| shikamaru317 said: Yeah, I feel like Valve jumped the gun a bit with this one, needed more time in the oven to cook. Xbox's next gen PC-console hybrids that the new Steam Machine will be competing with are supposedly not coming until Holiday 2027 at the earliest, possibly even Holiday 2028, so I have no idea why they are rushing out Steam Machine in Q1 2026, well over a year before Xbox's competition arrives. An extra year and they could have bumped it up from Zen 4 and RDNA 3 to Zen 5 and RDNA 4,which would have brought it closer to Xbox's next gen offering which supposedly has Zen 6 and RDNA 5. The small size is impressive, half the height of Series X about, in a similar footprint, but it seems to be weaker than PS5 and Series X. 8 GB of VRAM is already starting to be not enough for AAA gaming, and the the same goes for 16 GB of system RAM, and those RAM issues are only going to get worse with each passing year as we move towards the launch of the next gen Xbox and PS6. This thing needs to come it at like $450 at most for the smaller SSD model and $550 at most for the 2 TB, or else it's not even good as a budget offering for recent AAA's, let alone future AAA's. |
I'm not sure why anyone is trying to envision bringing the Steam Machine to next-gen level performance. That's not Valve's goal.

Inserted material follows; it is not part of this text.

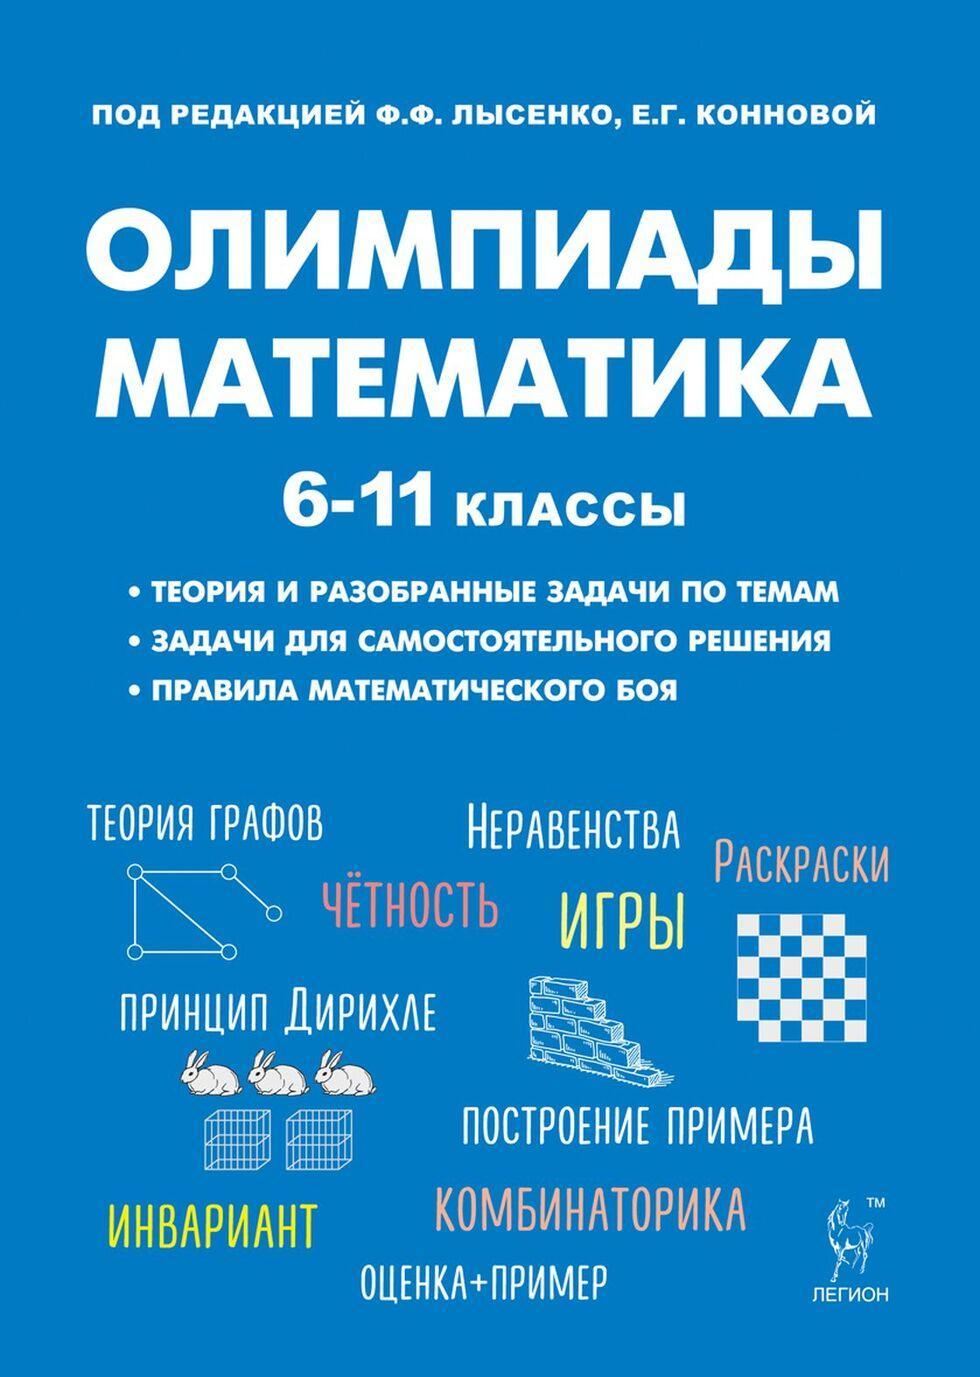 Matematika. 6-11 kl. Podgotovka k olimpiadam

One potential benefit to get more bang for your buck from this is the rumor that AMD is planning on releasing FS4 on RDNA 3 sometime early next year. Could coincide with the launch of the Steam Machine. Something that would greatly benefit the device in the long run.
Currently, it's just a complimentary device for those that are already in the Steam ecosystem. Same way the Steam Deck was. Which was also an affordable PC.